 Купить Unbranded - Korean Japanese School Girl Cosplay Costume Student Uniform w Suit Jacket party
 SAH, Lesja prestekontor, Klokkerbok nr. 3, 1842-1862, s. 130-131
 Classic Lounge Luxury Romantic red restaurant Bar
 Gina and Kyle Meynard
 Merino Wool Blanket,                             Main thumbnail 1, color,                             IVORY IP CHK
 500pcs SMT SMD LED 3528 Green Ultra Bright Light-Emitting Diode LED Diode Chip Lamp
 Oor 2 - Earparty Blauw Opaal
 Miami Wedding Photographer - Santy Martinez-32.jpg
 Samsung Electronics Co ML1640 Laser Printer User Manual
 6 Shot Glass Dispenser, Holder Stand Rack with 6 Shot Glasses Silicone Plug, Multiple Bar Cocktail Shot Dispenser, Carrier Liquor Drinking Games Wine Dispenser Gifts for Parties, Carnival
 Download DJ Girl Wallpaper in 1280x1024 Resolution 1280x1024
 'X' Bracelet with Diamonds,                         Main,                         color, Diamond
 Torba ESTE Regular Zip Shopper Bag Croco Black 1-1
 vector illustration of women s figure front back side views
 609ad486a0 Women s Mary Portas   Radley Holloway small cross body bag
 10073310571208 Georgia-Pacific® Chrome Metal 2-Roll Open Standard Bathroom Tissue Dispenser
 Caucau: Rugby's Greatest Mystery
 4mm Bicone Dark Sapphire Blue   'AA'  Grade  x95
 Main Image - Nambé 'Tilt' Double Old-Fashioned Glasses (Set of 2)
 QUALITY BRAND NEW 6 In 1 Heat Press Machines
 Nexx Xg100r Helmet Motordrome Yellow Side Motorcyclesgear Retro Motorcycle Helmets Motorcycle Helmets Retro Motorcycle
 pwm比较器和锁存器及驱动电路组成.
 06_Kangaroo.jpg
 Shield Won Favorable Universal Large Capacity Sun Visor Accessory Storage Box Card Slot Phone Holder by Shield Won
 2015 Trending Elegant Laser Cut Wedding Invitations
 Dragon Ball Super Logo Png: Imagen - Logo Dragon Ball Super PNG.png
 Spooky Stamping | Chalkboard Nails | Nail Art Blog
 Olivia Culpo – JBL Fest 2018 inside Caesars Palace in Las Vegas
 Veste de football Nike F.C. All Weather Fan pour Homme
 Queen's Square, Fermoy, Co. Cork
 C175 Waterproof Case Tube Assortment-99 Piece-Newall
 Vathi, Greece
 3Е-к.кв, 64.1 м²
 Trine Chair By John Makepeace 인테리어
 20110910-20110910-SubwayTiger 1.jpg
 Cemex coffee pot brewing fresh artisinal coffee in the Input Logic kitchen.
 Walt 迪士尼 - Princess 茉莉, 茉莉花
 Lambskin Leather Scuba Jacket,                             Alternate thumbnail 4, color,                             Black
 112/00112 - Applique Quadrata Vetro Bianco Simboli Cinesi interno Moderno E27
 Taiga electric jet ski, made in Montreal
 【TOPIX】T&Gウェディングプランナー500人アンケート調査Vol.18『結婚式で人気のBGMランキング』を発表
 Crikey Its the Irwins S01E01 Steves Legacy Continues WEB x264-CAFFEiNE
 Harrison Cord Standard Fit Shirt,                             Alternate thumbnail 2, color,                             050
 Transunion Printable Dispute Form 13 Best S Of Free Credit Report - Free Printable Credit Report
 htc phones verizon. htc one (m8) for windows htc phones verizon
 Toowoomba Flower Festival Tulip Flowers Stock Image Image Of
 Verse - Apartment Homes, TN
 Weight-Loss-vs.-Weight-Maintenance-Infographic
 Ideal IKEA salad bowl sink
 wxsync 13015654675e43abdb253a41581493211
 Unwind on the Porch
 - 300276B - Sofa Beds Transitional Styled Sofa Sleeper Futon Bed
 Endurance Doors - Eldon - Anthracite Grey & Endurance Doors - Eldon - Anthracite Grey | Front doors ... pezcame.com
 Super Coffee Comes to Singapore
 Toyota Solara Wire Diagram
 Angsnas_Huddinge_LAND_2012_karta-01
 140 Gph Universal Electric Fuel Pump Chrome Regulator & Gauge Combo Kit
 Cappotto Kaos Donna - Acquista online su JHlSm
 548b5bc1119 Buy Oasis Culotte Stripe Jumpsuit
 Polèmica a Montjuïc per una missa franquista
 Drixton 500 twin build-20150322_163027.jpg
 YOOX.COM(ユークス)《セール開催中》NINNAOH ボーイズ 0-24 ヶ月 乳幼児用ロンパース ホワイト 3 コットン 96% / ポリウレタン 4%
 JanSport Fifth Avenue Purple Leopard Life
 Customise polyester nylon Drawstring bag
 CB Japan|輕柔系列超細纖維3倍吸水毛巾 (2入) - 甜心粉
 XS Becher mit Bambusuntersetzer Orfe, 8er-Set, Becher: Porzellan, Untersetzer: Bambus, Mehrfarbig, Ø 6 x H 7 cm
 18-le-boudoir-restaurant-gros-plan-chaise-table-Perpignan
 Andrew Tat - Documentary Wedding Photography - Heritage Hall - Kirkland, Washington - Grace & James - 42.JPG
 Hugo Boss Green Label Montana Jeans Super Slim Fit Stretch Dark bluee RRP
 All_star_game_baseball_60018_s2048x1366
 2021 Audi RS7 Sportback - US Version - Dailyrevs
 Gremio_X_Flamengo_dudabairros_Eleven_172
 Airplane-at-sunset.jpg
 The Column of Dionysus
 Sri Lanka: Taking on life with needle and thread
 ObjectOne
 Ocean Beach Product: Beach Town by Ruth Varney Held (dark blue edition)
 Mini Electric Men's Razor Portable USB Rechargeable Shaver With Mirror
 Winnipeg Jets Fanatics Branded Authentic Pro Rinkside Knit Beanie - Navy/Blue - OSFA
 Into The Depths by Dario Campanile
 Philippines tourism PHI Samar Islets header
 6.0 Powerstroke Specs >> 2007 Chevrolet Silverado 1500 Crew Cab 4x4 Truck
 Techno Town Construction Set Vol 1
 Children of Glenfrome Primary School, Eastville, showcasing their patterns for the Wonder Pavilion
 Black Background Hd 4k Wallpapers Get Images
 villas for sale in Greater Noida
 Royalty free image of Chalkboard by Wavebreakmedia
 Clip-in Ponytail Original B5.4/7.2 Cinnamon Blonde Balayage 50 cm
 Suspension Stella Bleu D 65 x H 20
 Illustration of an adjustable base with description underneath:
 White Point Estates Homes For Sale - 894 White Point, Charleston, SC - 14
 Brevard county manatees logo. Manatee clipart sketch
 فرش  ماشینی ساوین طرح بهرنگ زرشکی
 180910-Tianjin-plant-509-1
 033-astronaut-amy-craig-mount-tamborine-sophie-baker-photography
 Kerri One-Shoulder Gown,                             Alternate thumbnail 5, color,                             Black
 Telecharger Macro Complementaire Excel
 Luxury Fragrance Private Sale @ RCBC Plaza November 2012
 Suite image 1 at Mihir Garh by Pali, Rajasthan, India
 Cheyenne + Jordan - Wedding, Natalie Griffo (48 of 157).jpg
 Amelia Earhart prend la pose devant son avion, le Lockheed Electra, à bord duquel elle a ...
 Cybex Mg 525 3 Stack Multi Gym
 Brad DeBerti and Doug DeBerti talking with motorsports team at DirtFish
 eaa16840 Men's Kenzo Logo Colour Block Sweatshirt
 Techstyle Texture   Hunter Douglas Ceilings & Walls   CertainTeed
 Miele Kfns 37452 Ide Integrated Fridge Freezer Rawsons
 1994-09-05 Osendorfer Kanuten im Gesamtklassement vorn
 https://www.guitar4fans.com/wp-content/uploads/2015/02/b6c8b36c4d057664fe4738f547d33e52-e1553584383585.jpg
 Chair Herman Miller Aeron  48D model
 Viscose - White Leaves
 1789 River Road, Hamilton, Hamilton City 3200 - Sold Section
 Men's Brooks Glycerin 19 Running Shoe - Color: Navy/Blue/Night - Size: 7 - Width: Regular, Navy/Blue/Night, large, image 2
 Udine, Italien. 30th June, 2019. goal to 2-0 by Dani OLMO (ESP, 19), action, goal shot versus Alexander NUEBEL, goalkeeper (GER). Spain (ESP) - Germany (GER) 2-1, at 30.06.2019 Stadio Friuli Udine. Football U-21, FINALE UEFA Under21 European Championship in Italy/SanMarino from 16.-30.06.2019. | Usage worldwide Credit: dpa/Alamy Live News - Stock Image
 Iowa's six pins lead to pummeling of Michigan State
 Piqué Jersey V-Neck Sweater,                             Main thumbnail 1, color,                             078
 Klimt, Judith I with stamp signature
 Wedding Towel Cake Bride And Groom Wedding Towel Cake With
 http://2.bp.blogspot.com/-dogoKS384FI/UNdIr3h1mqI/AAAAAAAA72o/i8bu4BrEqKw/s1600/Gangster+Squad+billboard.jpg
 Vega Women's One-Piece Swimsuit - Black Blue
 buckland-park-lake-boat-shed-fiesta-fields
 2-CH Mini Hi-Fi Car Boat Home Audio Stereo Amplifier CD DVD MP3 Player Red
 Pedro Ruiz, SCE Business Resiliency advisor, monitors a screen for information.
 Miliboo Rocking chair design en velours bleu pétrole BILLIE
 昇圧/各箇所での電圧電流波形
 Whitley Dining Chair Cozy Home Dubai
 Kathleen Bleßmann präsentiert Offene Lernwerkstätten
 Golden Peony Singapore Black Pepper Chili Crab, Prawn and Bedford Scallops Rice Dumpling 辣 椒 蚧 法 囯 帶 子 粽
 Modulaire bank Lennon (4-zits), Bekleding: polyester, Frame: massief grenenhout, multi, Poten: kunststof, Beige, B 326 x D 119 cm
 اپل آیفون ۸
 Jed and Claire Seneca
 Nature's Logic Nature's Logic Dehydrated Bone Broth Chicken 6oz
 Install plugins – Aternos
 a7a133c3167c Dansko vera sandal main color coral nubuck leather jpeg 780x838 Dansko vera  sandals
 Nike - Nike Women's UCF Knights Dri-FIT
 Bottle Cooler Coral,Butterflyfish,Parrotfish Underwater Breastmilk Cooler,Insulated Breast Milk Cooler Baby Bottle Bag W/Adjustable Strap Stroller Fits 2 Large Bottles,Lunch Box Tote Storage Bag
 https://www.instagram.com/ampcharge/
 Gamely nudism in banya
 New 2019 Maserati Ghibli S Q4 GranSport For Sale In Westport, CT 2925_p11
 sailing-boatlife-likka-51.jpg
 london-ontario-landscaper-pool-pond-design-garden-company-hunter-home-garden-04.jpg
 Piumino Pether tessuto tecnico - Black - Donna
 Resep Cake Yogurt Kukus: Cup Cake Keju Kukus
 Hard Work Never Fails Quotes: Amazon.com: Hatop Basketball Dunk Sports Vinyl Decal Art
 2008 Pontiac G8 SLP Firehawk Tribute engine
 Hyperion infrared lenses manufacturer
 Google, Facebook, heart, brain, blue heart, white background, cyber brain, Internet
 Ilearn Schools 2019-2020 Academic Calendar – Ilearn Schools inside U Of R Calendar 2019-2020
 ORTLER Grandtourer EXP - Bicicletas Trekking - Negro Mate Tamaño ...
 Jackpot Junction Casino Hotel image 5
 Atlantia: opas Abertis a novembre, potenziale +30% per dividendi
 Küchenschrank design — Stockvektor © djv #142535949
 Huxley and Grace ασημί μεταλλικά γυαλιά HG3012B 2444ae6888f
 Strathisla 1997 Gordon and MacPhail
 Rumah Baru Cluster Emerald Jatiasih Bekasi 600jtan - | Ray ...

====================

How to complete this task:
Select every line in the material above where the string "Holder" occurs, and copy it.

Result of the exercise:
 6 Shot Glass Dispenser, Holder Stand Rack with 6 Shot Glasses Silicone Plug, Multiple Bar Cocktail Shot Dispenser, Carrier Liquor Drinking Games Wine Dispenser Gifts for Parties, Carnival
 Shield Won Favorable Universal Large Capacity Sun Visor Accessory Storage Box Card Slot Phone Holder by Shield Won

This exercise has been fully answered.